I could not believe what he was saying. He pulled out the map and showed me the distance: seventeen kilometers. Even walking at a slow pace because of the ups and downs, the Road could have been hiked in six hours.
"You are so concerned about finding your sword that you forgot the most important thing: you have to get there. Looking only for Santiago--which you can't see from here, in any case--you didn't see that we passed by certain places four or five times, approaching them from different angles."

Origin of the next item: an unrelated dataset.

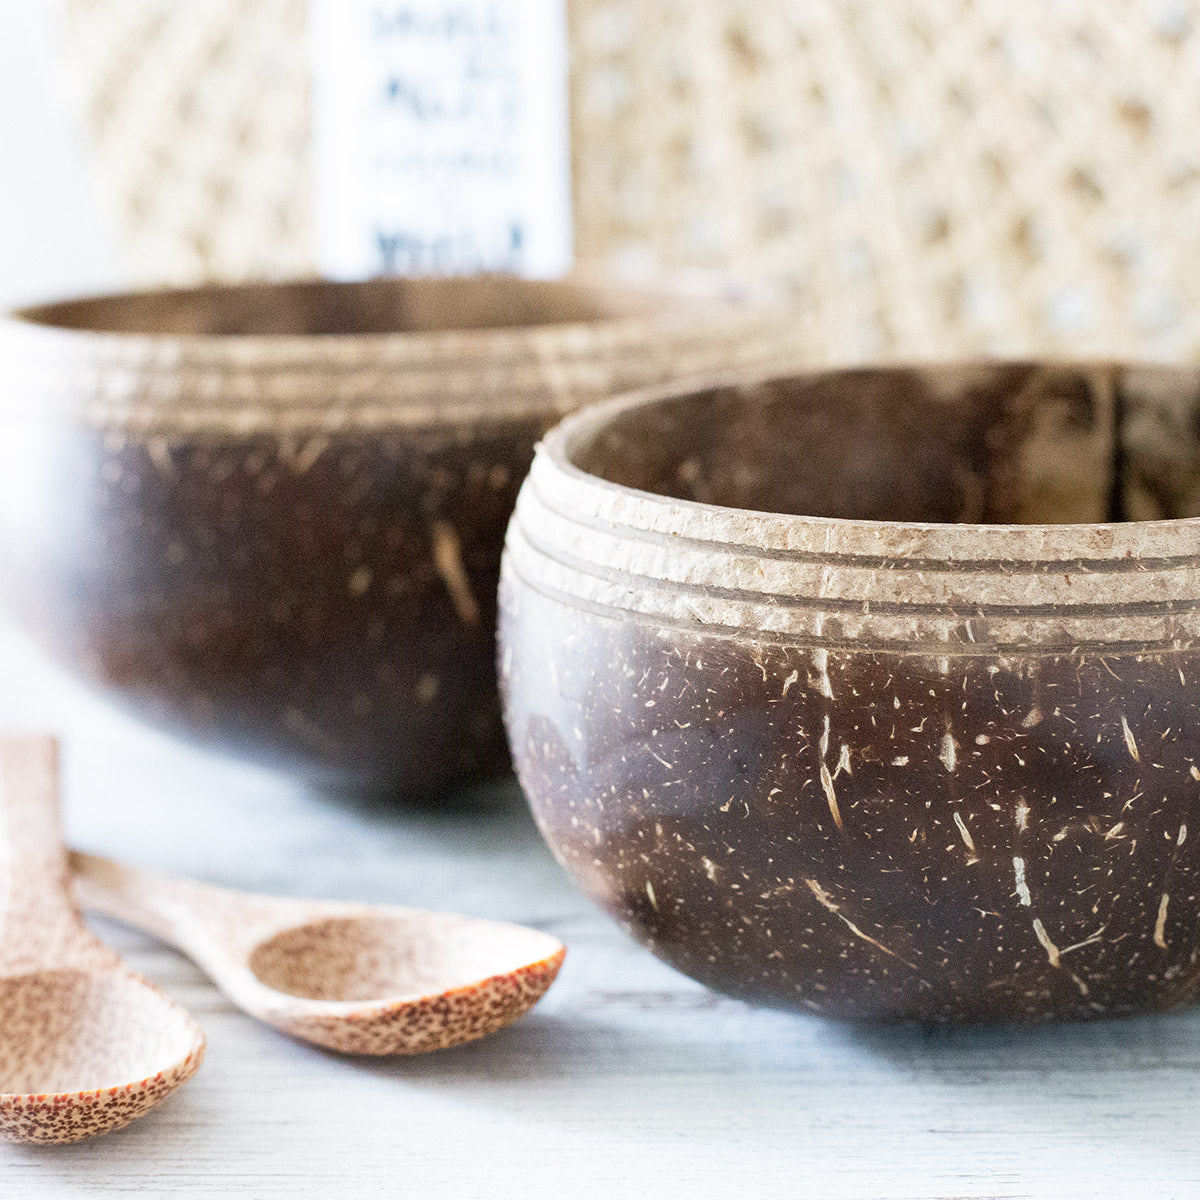 Seagrass Bag and coconut bowls set

Now that Petrus mentioned it, I began to realize that Mount Itchasheguy--the highest peak in the region had sometimes been to my right and sometimes to my left. Although I had noticed this, I had not drawn the only possible conclusion: that we had gone back and forth many times.
"All I did was to follow different routes, using the paths made through the woods by the smugglers. But it was your responsibility to have seen that. This happened because the process of moving along did not exist for you. The only thing that existed was your desire to arrive at your goal."
"Well, what if I had noticed?"
"We would have taken seven days anyway, because that is what the RAM practices call for. But at least you would have approached the Pyrenees in a different way."